Majority of NSAIDs have three key types of effects, those being: analgesic effect (lessens certain categories of pain), antipyretic effect (where increased temperatures are lowered) and anti-inflammatory effects (changes to the inflammatory reaction).
COX-1 and COX-2 are the two different types of cyclooxygenase enzymes. The arachidonate cyclooxygenases are inhibited by NSAIDs which hence results in the inhibition of thromboxanes and prostaglandins. COX-1 is found in many tissues in the body such as well as blood platelets and is a constitutive enzyme. One of the roles COX-1 has in the body is tissue homeostasis. Once COX-2 enzymes are triggered they are induced into inflammatory cells, and therefore prostanoid mediators of inflammation are required for production by COX-2. There is also a recently discovered COX enzyme, COX-3 which could be associated with fever.

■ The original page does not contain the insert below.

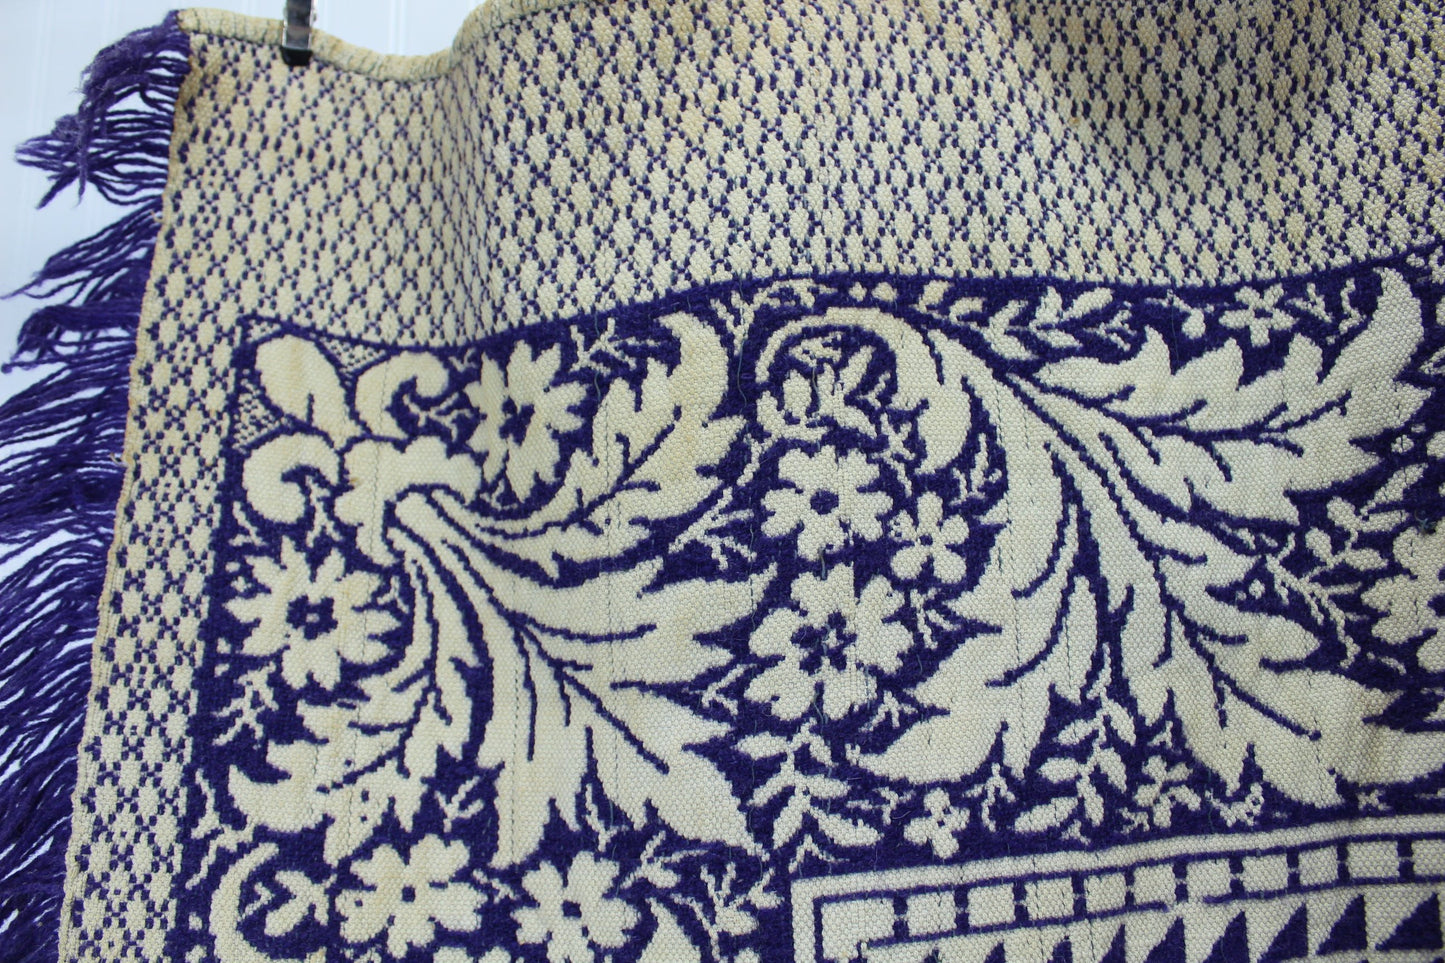 Antique Jacquard Coverlet - Indigo Purple Floral Medallion Geometric - Initials A E - Intricate All Over Design summer winter light dark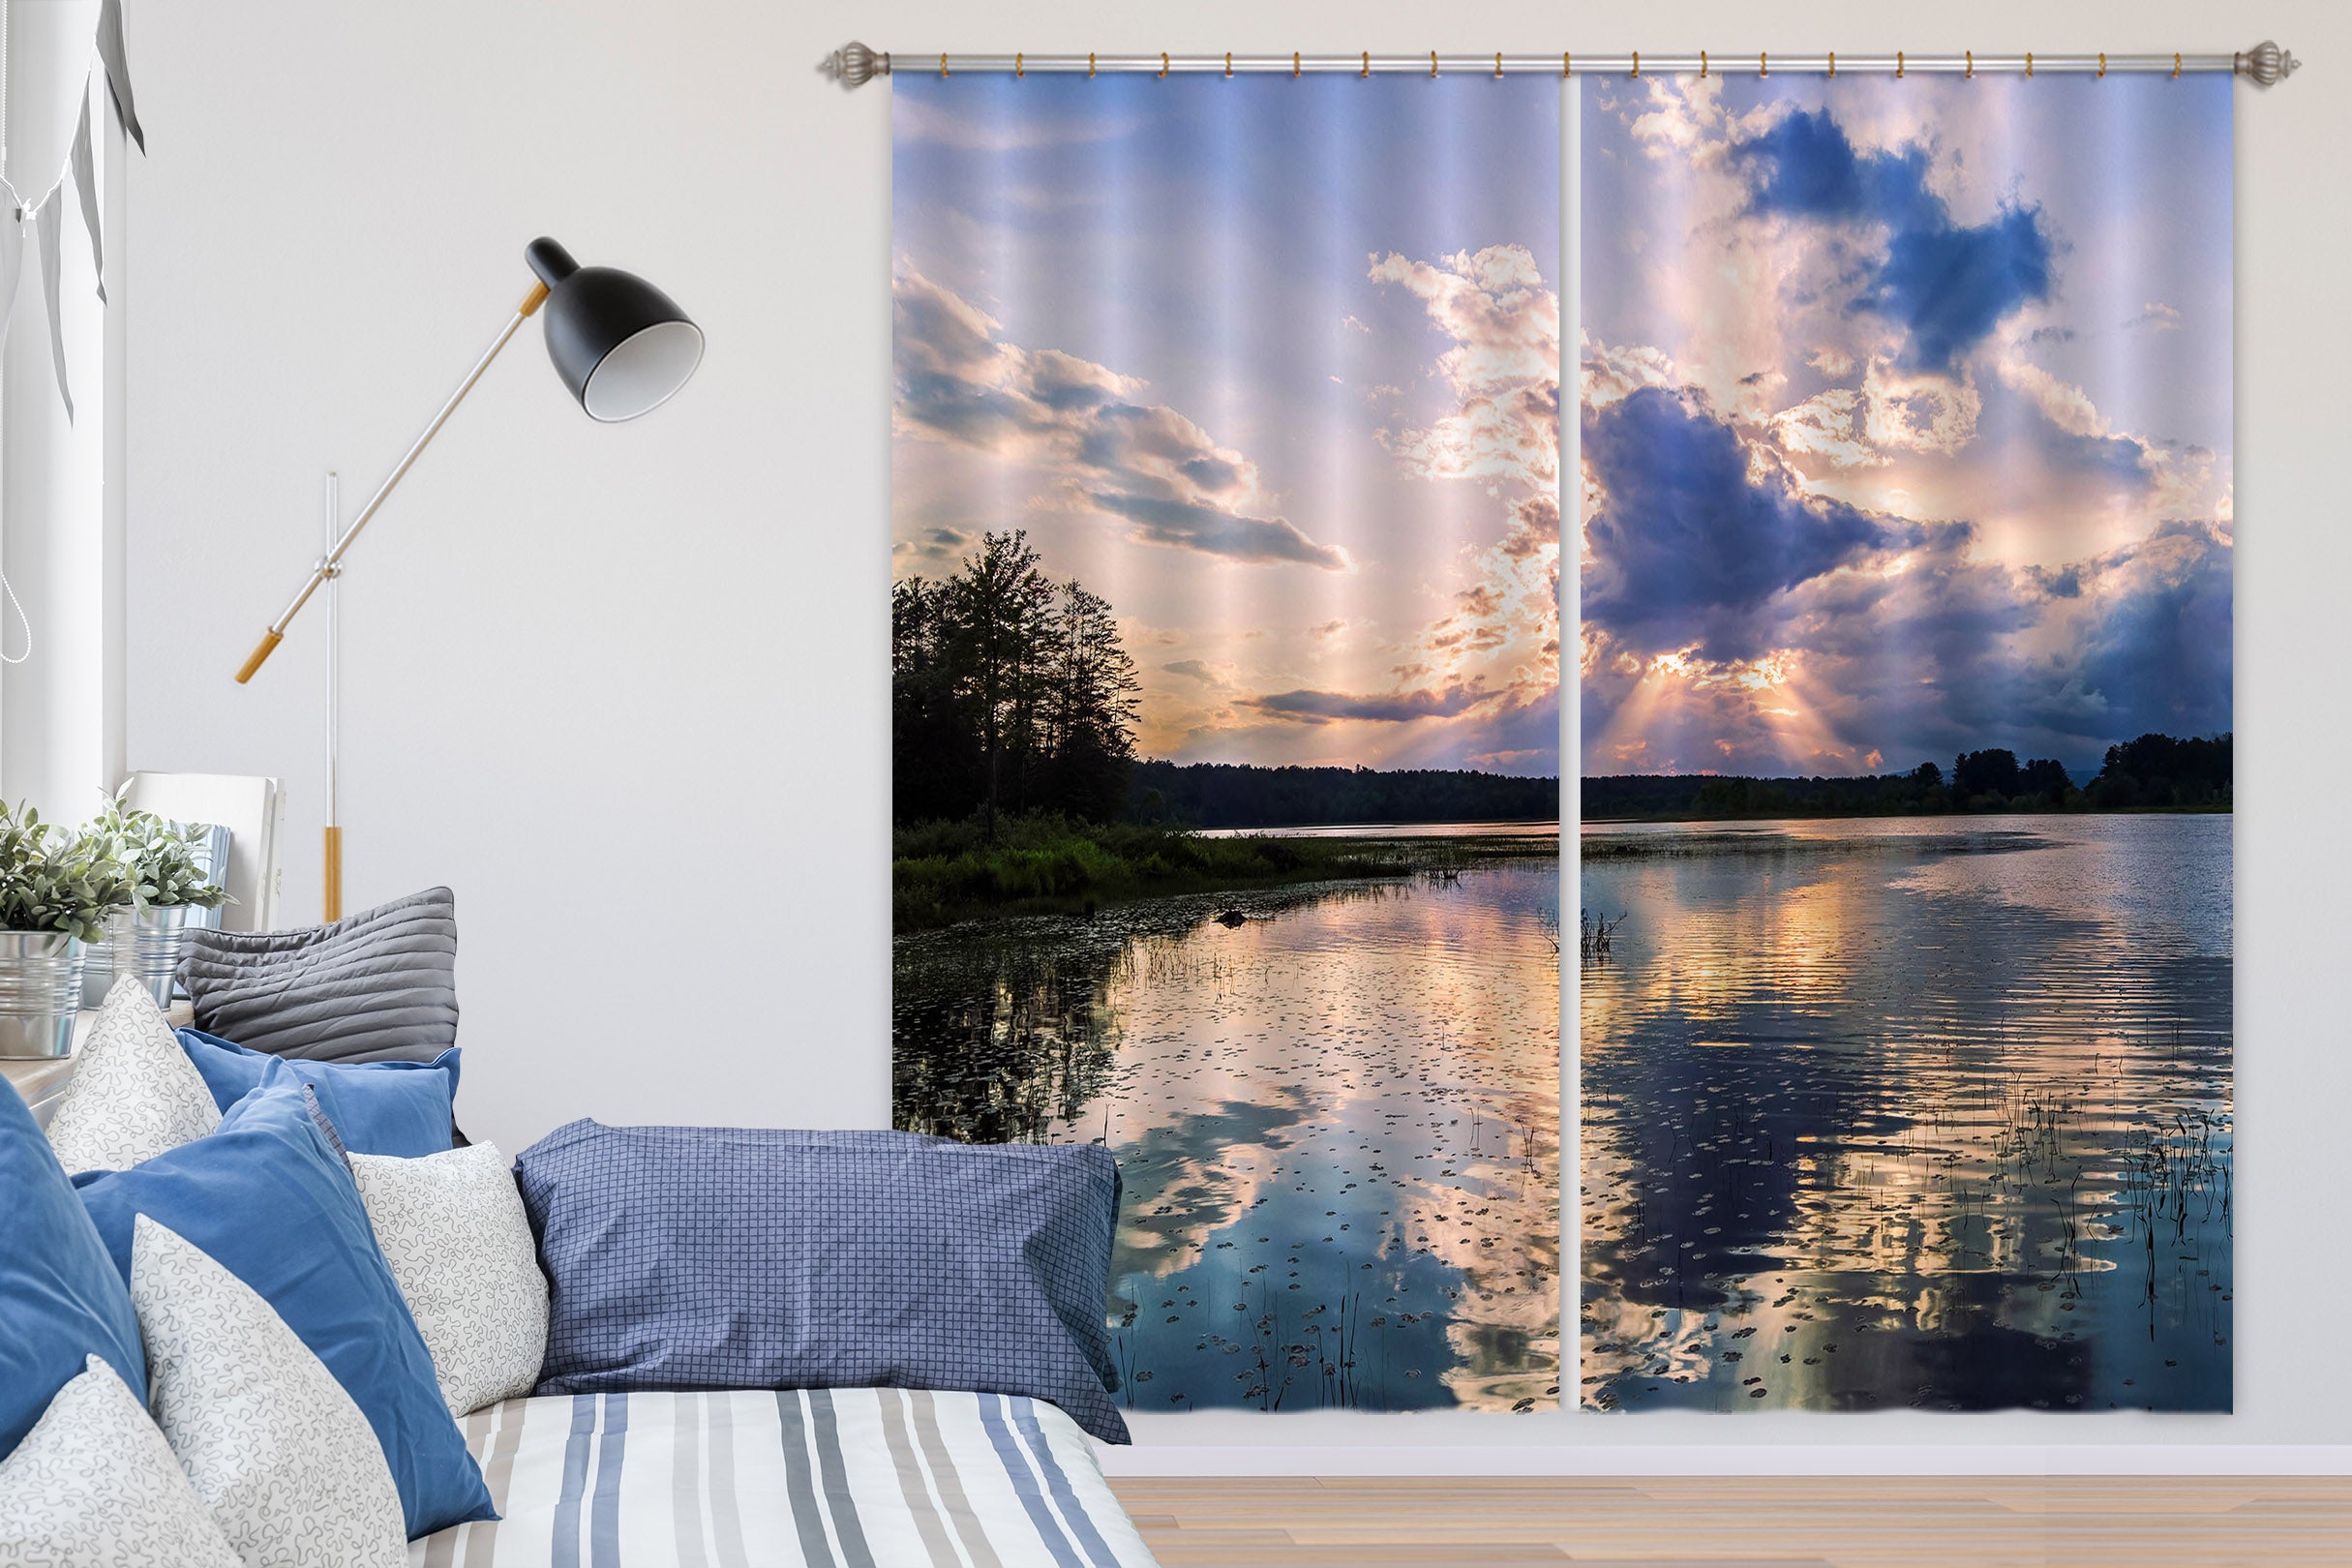 3D Reflecting Sunset 86092 Jerry LoFaro Curtain Curtains Drapes

The inhibition of COX-2 by NSAIDs is mainly the reason for their anti-inflammatory activity, and their inhibition of COX-1 results in the unwanted affects mainly those that interfere with the gastrointestinal tract.
The cause of pain from inflammation or damage to tissues is where NSAIDs come in handy as they decrease the synthesis of prostaglandins (those that sensitise nociceptors to inflammatory mediators) similar to the ones called bradykinin. Hence they are useful with conditions related to increased prostaglandin production. In some situations the need of opiods (which are combined with to reduce postoperative pain) can be depreciated by up to a third. This is known as the peripheral effect and there is another type of effect one which is not as a well-characterised action, which is central and may occur within the spinal cord. In the cord the release of prostaglandin is increased by the inflammatory lesions which assist the transmission in the dorsal horn to the relay neurons from the afferent pain fibres.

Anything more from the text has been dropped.